Marduk’s world, human wars, and eschatology


Opening his third book, The Wars of Gods and Men, Sitchin briefly summarizes the various wars between the Nefilim-led humans of various ancient civilizations that originated in Sumer. These wars oftentimes featured “gods” fighting alongside humans. Or, in the case of Achilles and Alexander the Great, demigods, the progeny of “gods” and humans, leading, fighting alongside and dying amongst humans. Most of the fighting superficially would seem to be over territory but certainly the root cause of the wars must have been based on the Nefilim’s core mission on Earth, which primarily was to gather and horde all of the world’s gold to later take home, to that pesky planet that flies every 3,600 years, wreaking havoc here. Though this reader hasn’t reached a passage where Sitchin asserts exactly this, it would seem that at some point the Nefilim dissolved into various camps, each with legions of slaves to do their bidding. Each “god” wanted to be the one to win favor with the chief bigwig when the time came so endless wars of conquest became the norm, as each “god” did everything in his or her power to gather as much gold as possible. Eventually the “gods” decided to disengage from the fighting itself, and took a back seat role in steering future wars. This development came with one god, Marduk, successfully defeating all of his opponents and likely striking some sort of peace rendering obsolete direct conflict between the Nefilim “gods” in roughly 534 B.C. Enter the new era where proxy wars carried out by man are overseen from behind the scenes by the various competing “gods” with gold being the primary proponent of planning and fighting.

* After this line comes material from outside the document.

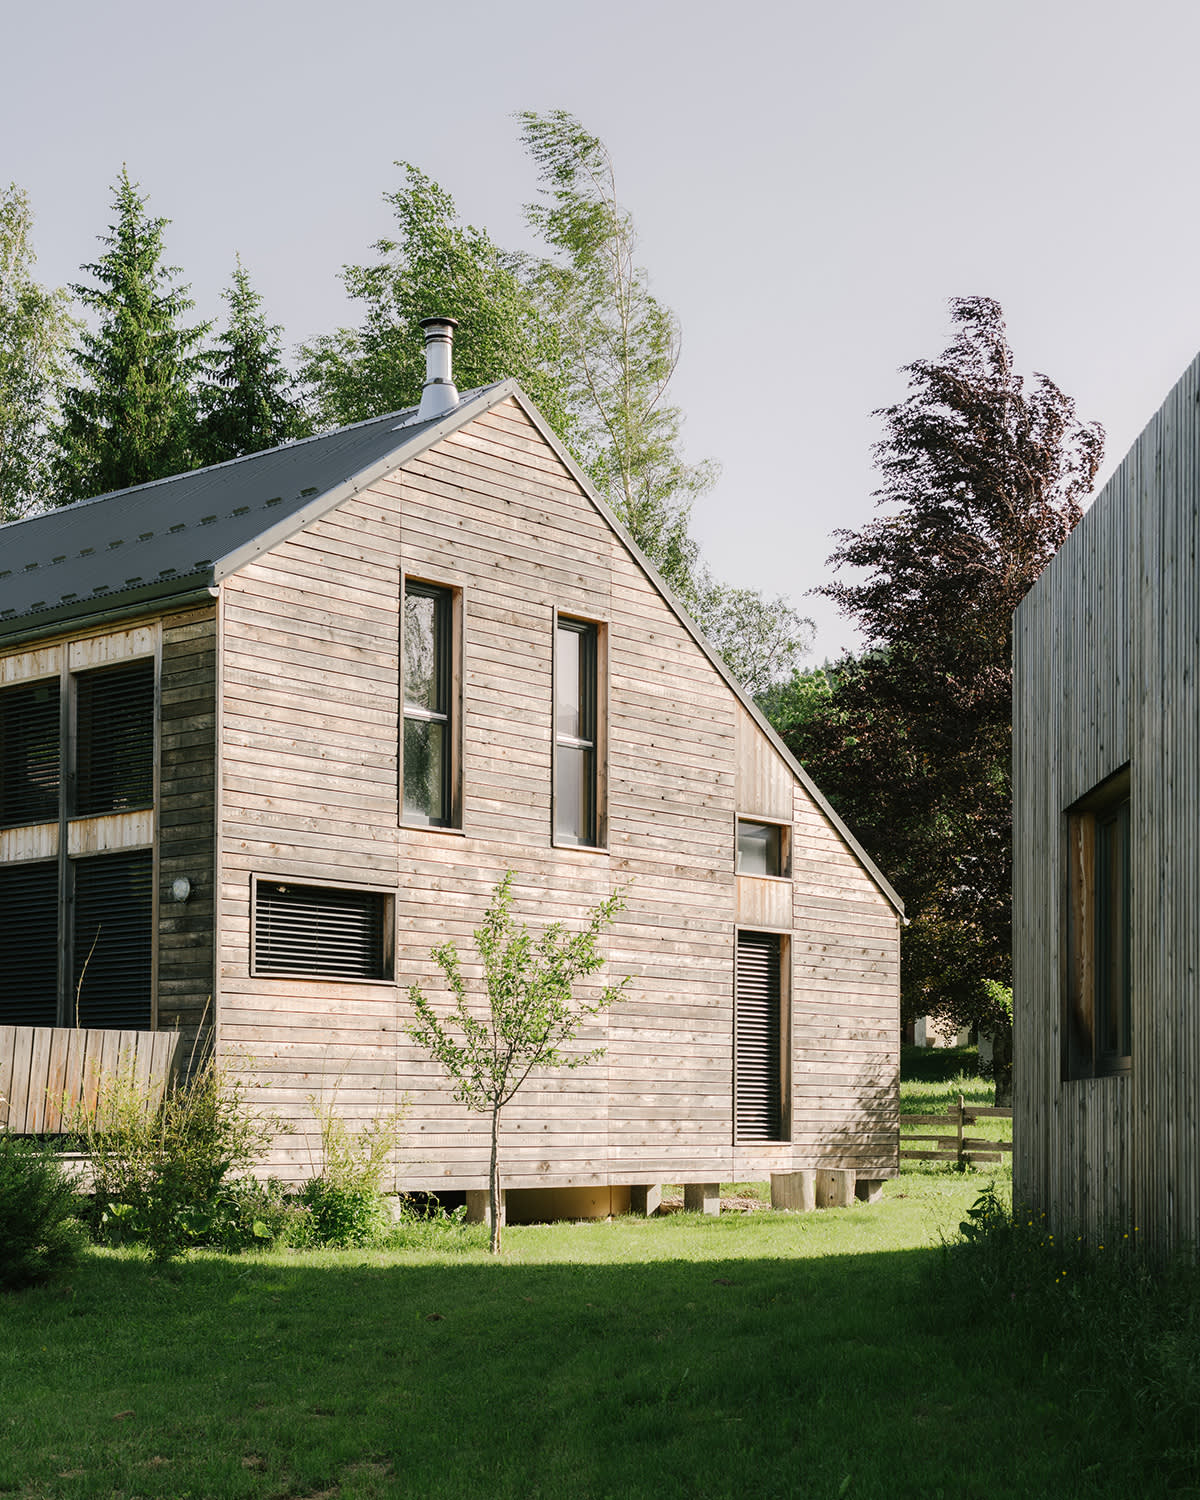 Façade d'une maison en bois avec fenêtres verticales
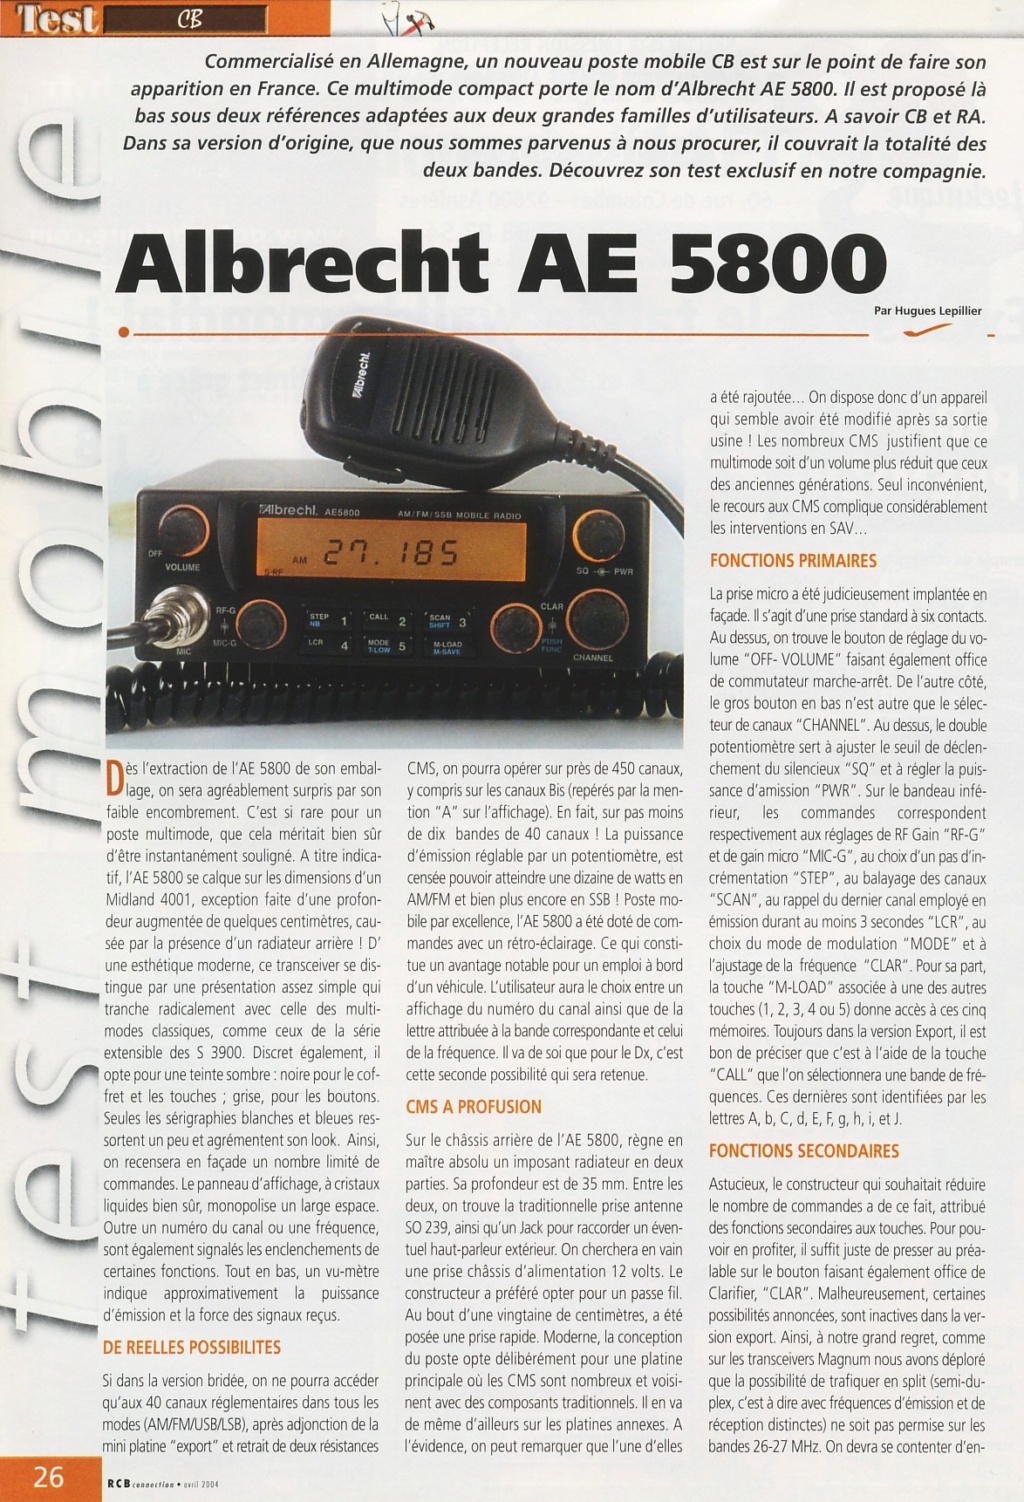 5800 - Albrecht AE 5800 EU (Mobile) Ae580010

Sitchin doesn’t say exactly this, so it must be inferred. What he says is that after Marduk’s successful conquest of Egypt “the Wars of Men have been the wars of men alone.” Certainly. But if the Nefilim and the so-called “kings” they employed to be liaisons between them and their slaves have steered world and human events for no less than 100,000 years it is unlikely that they would just surrender control of the planet and its gold to the slave race!


Sitchin also describes the final and impending war of “gods” and man. Describing writings found in The Dead Sea Scrolls, Sitchin asserts the future could hold a “war of the sons of light against the sons of darkness” wherein “local battles will first involve Judea’s immediate neighbors, which shall increase in ferocity and scope until the whole ancient world would be engulfed.” The “ancient world” is the Mideast, and indeed warfare is spreading throughout that area. This war, which is growing in intensity by the day, may eventually entail Nefilim “gods” fighting alongside humans, as they did in the wars of old, Sitchin reports. Quoting from the scrolls themselves, Sitchin relates that “(o)n that day, the Company of the Divine and the congregation of the Mortals shall engage side by side in combat and carnage. The Sons of Light shall battle against the Sons of Darkness with a show of godlike might, amid uproarious tumult, amid the war cries of gods and men.”